## Exercise requirements
Leave out every picture, then transcribe the rest of the listing exactly.

## Data section
-- Opening Marker --

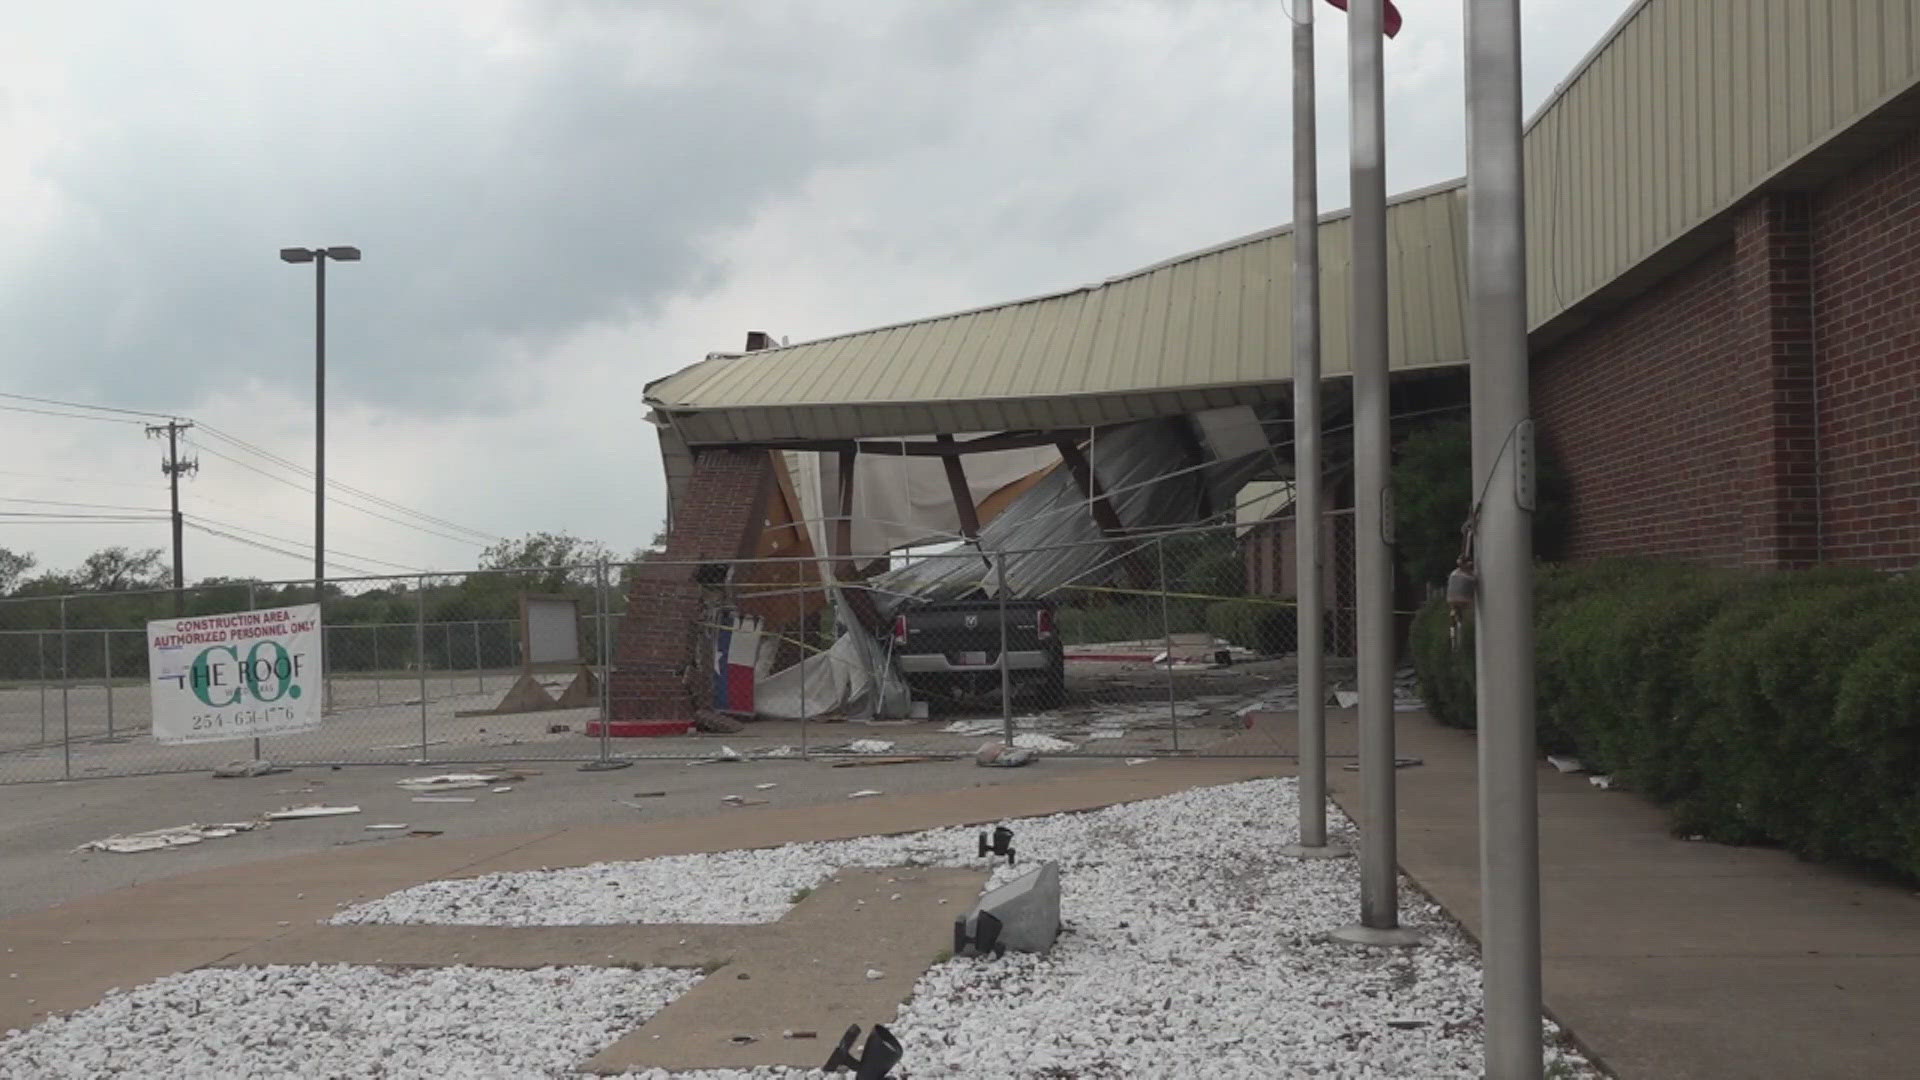 An EF-2 tornado tore down the awning of the building on May 22 while patrons were inside.
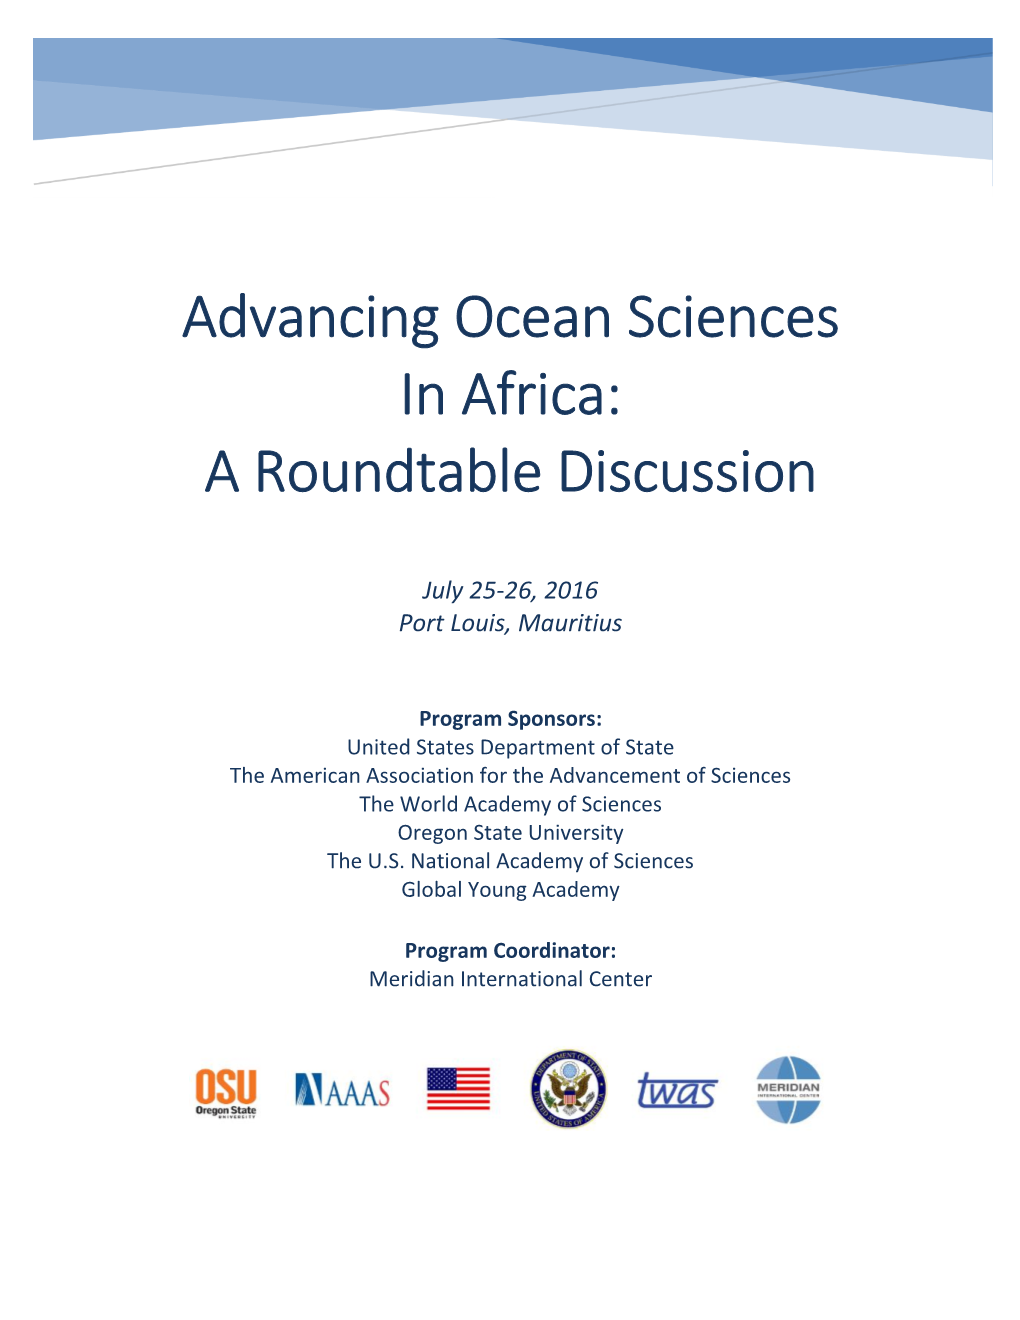 Advancing Ocean Sciences in Africa: a Roundtable Discussion
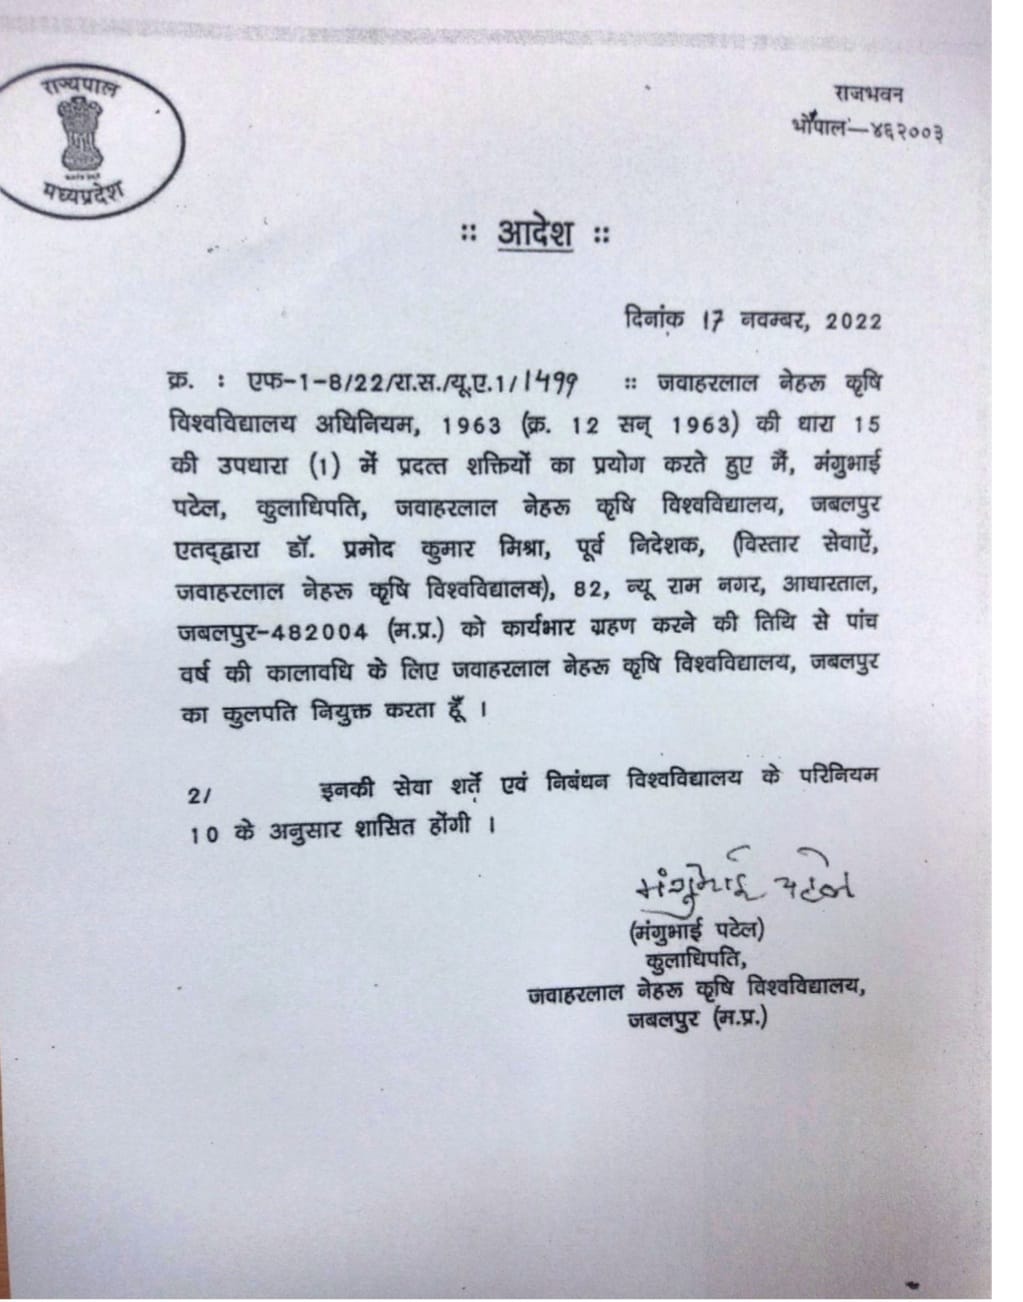 Govind Singh wrote a letter to PM

-- Closing Marker --

## Response area
 An EF-2 tornado tore down the awning of the building on May 22 while patrons were inside.
 Advancing Ocean Sciences in Africa: a Roundtable Discussion
 Govind Singh wrote a letter to PM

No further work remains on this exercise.